WWW2026

Triple-R: Iterative Query Rewriting and Refinement for Retrieval-Augmented Fake News Detection

Jie Li, Jinrui Wang, Linmei Hu, Yuqiu Deng

Abstract

The rapid spread of online misinformation poses a serious threat to public trust and social stability, making automatic fake news detection increasingly critical. In this work, we propose a novel retrieval-augmented fake news detection framework, Triple-R (Rewriting, Retrieval, and iterative Refinement), which emphasizes optimizing the retrieval query. Unlike prior retrieval-augmented methods that adapt either the retriever or the verification module, often overlooking the gap between news text and the evidence needed for verification, our approach focuses on adapting the search query to retrieve the most relevant evidence. Specifically, we employ a small language model as a trainable query rewriter, optimized via reinforcement learning with feedback from a frozen LLM-based fake news detector, to transform the original news text into effective retrieval queries.

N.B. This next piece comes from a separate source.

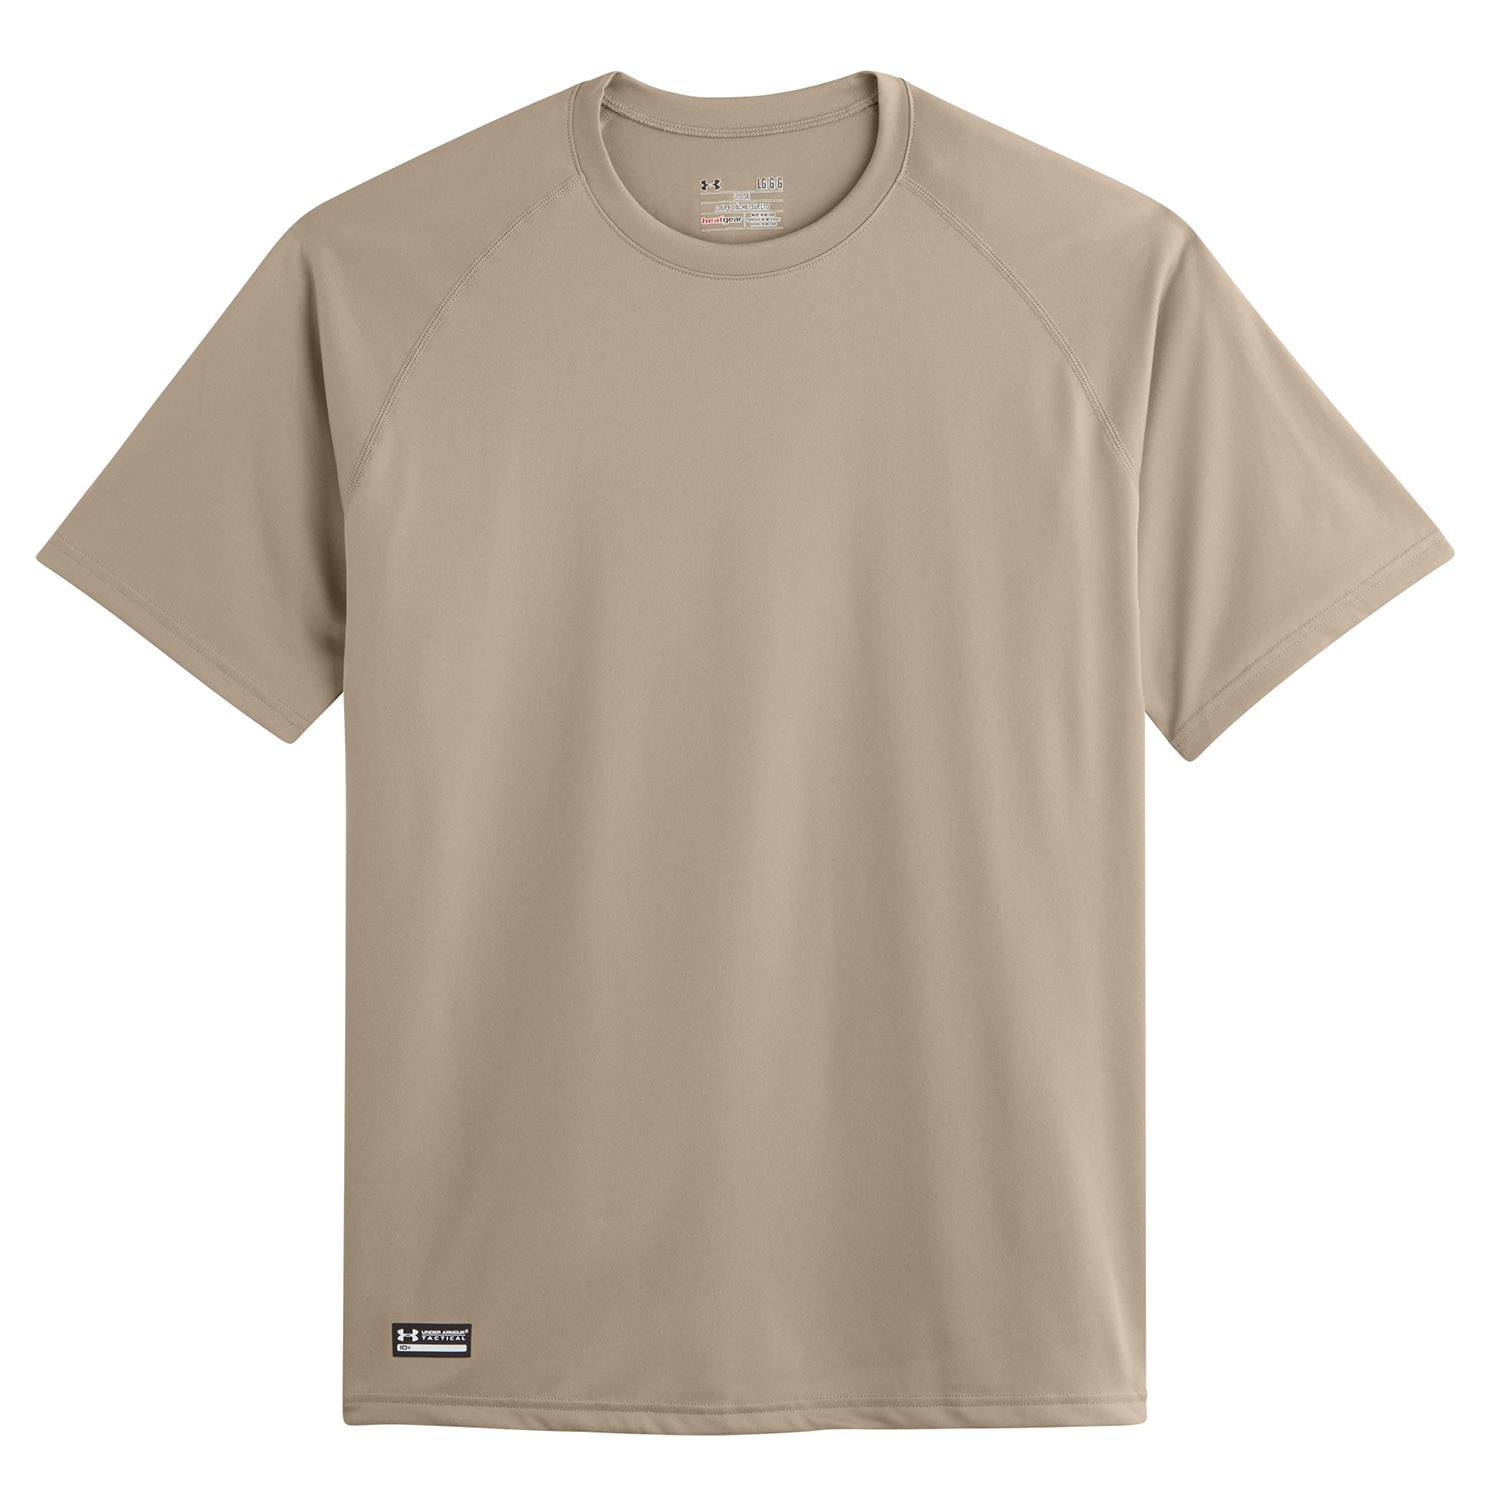 Tactical Tech Short Sleeve T-Shirt

To further enhance evidence relevance, we introduce an iterative query refinement mechanism, which progressively updates rewritten queries based on previously retrieved results. Finally, the original news text and the evidence retrieved through refined queries are integrated for verification. Experiments on two real-world datasets demonstrate consistent improvements, validating the effectiveness of our approach.